Dimanche 19 novembre 2017 ; 33° ordinaire A : Matthieu 25,14-30.





« L’homme appela ses serviteurs »… Jésus parle de lui-même, note saint Matthieu. Et il appelle, il n’oblige pas, il appelle. Quelqu’un répondra-t-il à son appel ? Oui, il s’en trouve trois pour répondre, comme ils seront 12 à devenir apôtres et 72 à être envoyés comme disciples en avant de Lui. Pourquoi ont-ils répondu à son appel ? Par amour du Seigneur ? Par goût de l’aventure ? Ou pour ne pas perdre le statut de serviteur ?

               « Cet homme confie ses biens à ses serviteurs… » L’évangile nous parle de Talents ; mais  nous sommes piégés par notre langue française, dans la compréhension de cette parabole. Chez nous, quand on parle  de Talents, on parle de qualités humaines : il a un talent de bricolage, un talent pour la négociation, un talent pour transmettre l’enseignement, ou pour la cuisine… C’est super ! Mais Jésus nous parle d’autre chose. Dans la Bible, un  Talent c’est le salaire de 20 à 30 années de travail. Pour Jésus, c’est une manière de dire, que Dieu nous confie tous ses biens. Les 3 talents dont Jésus nous parle ne sont pas les qualités humaines et sociales, mais les biens de Dieu…

               Le refrain du psaume 127 disait : « Heureux le serviteur fidèle, Dieu lui confie sa Maison… » Quand on est jeune prêtre ou nouvellement catéchiste ou bien nouvellement engagé dans un service d’Eglise, on ne raisonne pas, on s’élance, par amour du Seigneur ou par goût de l’aventure. Mais au bout d’un certain temps, on peut  se rendre compte de l’énormité de la chose ! Oh combien, vous  et moi, pouvons comprendre la réaction du 3° serviteur ! On peut en arriver à dire : C’est trop !

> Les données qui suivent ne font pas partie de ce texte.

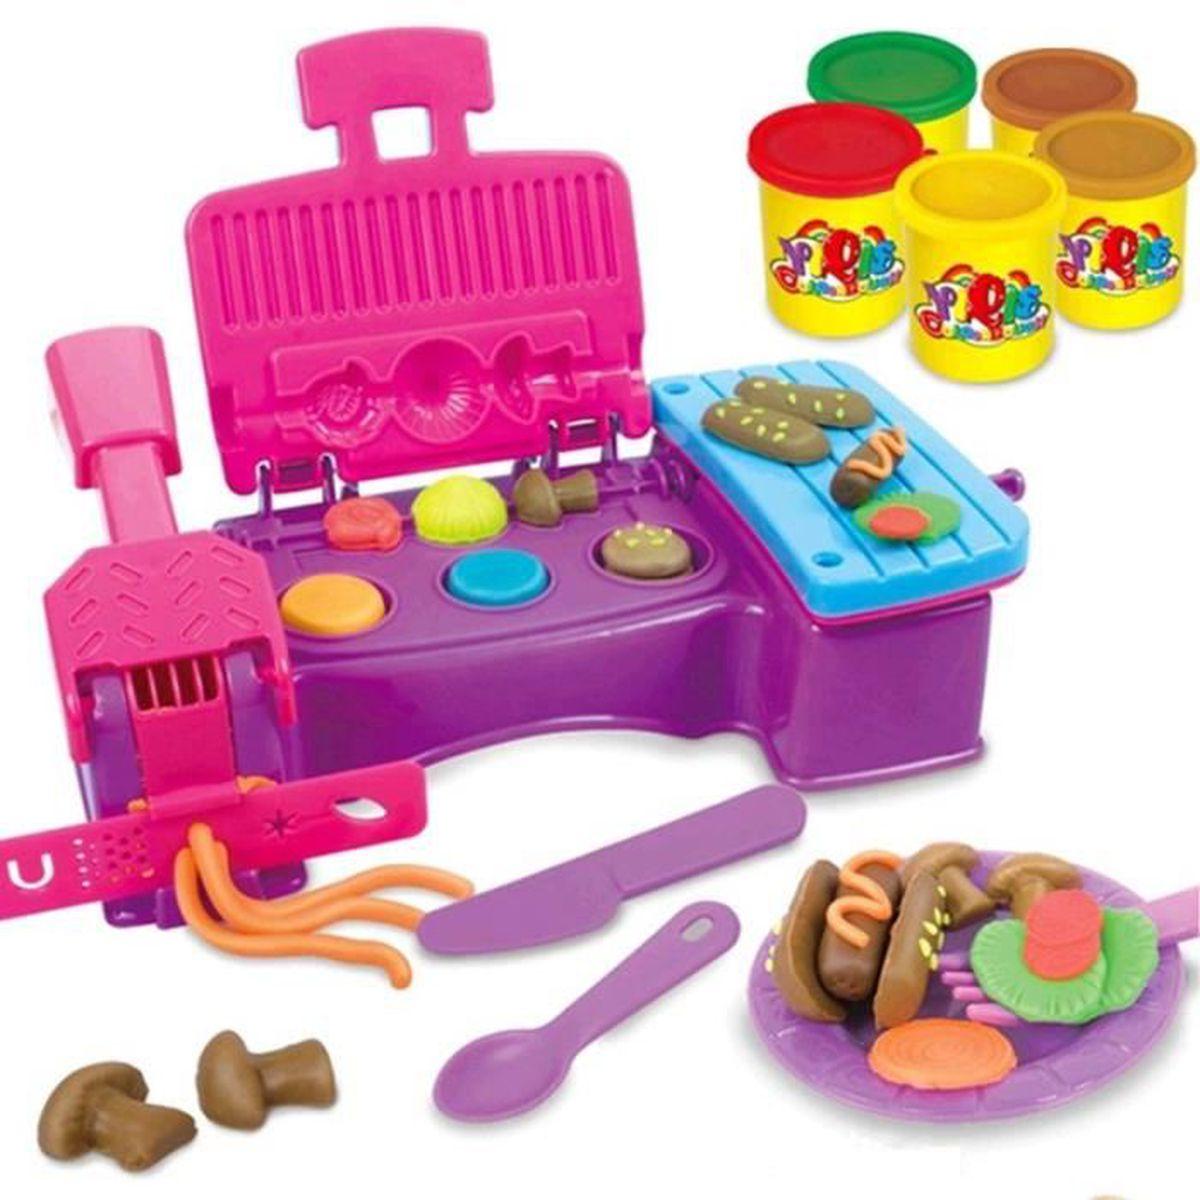 Kit pate a modeler enfant - Achat / Vente jeux et jouets pas chers
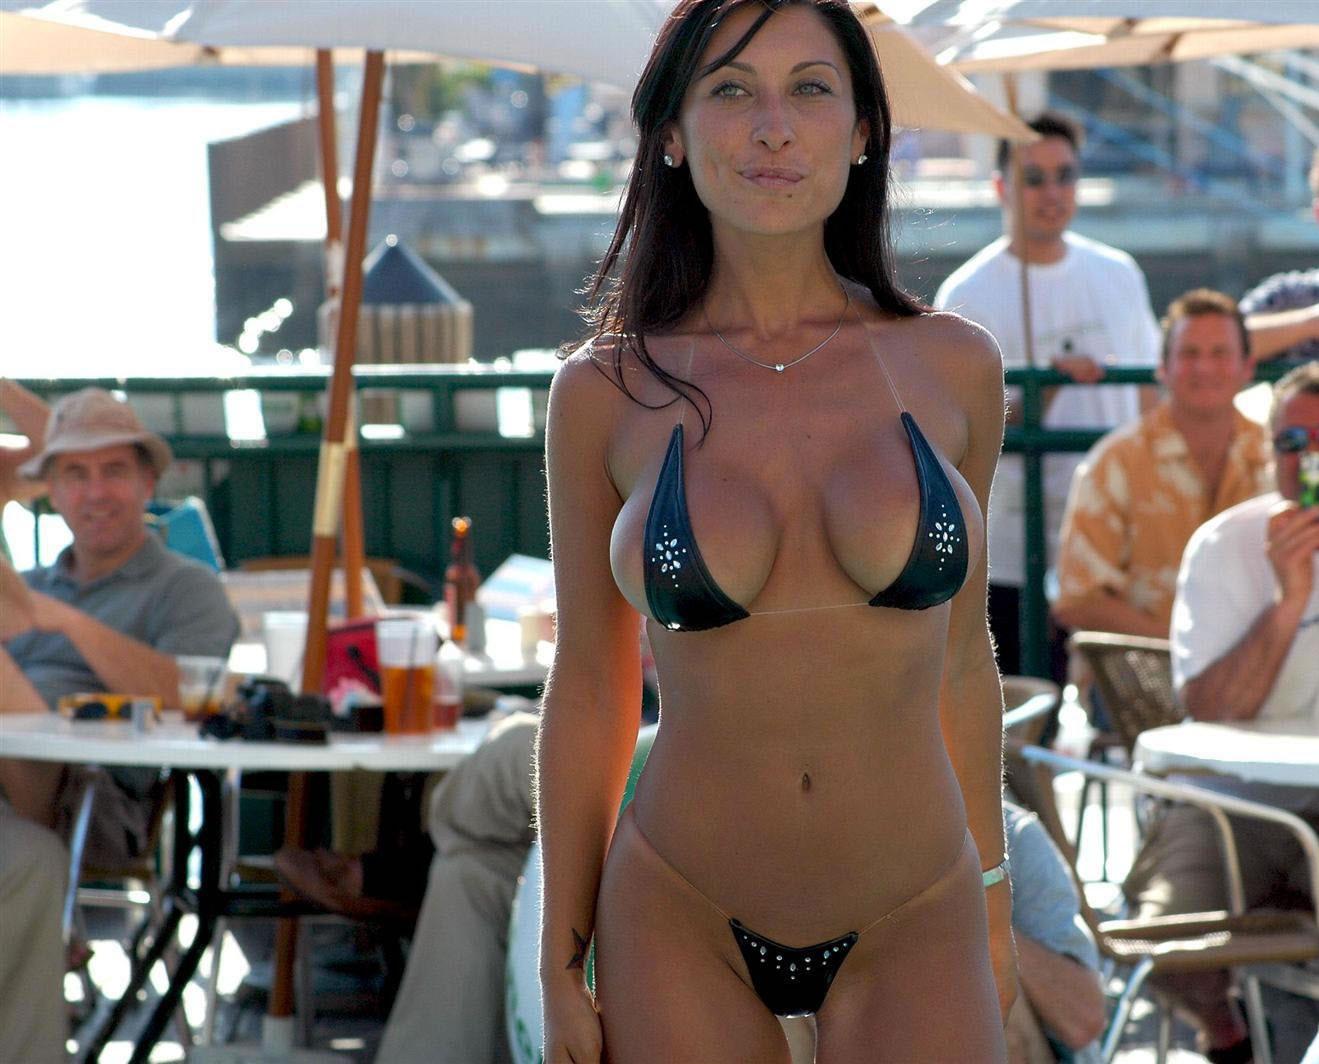 Sexy bikini babe exposing her stunning body

               « Heureux le serviteur fidèle, Dieu lui confie sa maison »… Comme Dieu a confié Marie et l’enfant à saint Joseph ! Oui,  c’est trop ! Après tout, Dieu  est assez grand pour garder sa maison ! Que puis-je faire avec ma pauvreté ? Dieu est gentil d’avoir pensé à moi ; mais franchement… C’était le cri de Moïse (Ex. 3,11) : « Qui suis-je pour aller vers pharaon ? » C’était aussi le cri de Jérémie (1,6) : « Ah Seigneur Dieu, je ne saurais parler, je suis trop jeune… » Il y a une démesure dans la demande de Dieu. C’est peut-être ce qui a poussé notre civilisation occidentale à prendre ses distances avec la religion chrétienne, au profit de la laïcité ? Et pourtant Dieu confie sa Maison, on ne peut pas dire : on verra plus tard !

                                            Avec cette parabole, Jésus nous oriente vers la fin des temps. Nous sommes dans le temps de l’attente, de la patience. Les talents que Dieu nous laisse, on  les retrouve à la fin de l’Evangile, lors de l’envoie en Mission (Mt. 28,18 ; Mc. 16,15) : « Allez par le monde entier, proclamez l’Evangile à toute créature et Baptisez-les… »

               « Allez » ! C’est le 1° talent : l’Amour des frères. Comme et avec Jésus, ouvrir nos mains et nos cœurs à celle et celui que Dieu met sur notre chemin, à commencer par le plus pauvre. Plus de personne ignorés ou laissée pour compte…

               Le 2° talent est celui de la Parole de Dieu. Comme et avec Jésus, être porteur de la Bonne nouvelle  du Royaume. Nous recevons ce talent à la  messe comme une lumière à partager. A l’occasion des funérailles, nous mettons en valeur les qualités du défunt. Pourquoi ne pas l’avoir fait avant, en mettant en lumière ce qui valorise l’autre ?

               Le 3° talent, ce sont les Sacrements ! Ils nous sont donnés pour accueillir l’Amour qui est en Dieu et nous apprennent à voir l’autre comme un  frère…

Accorde-nous,  Seigneur, de trouver notre joie dans notre fidélité, car c’est un bonheur durable et profond de servir constamment le Créateur de tous biens… (oraison de ce jour).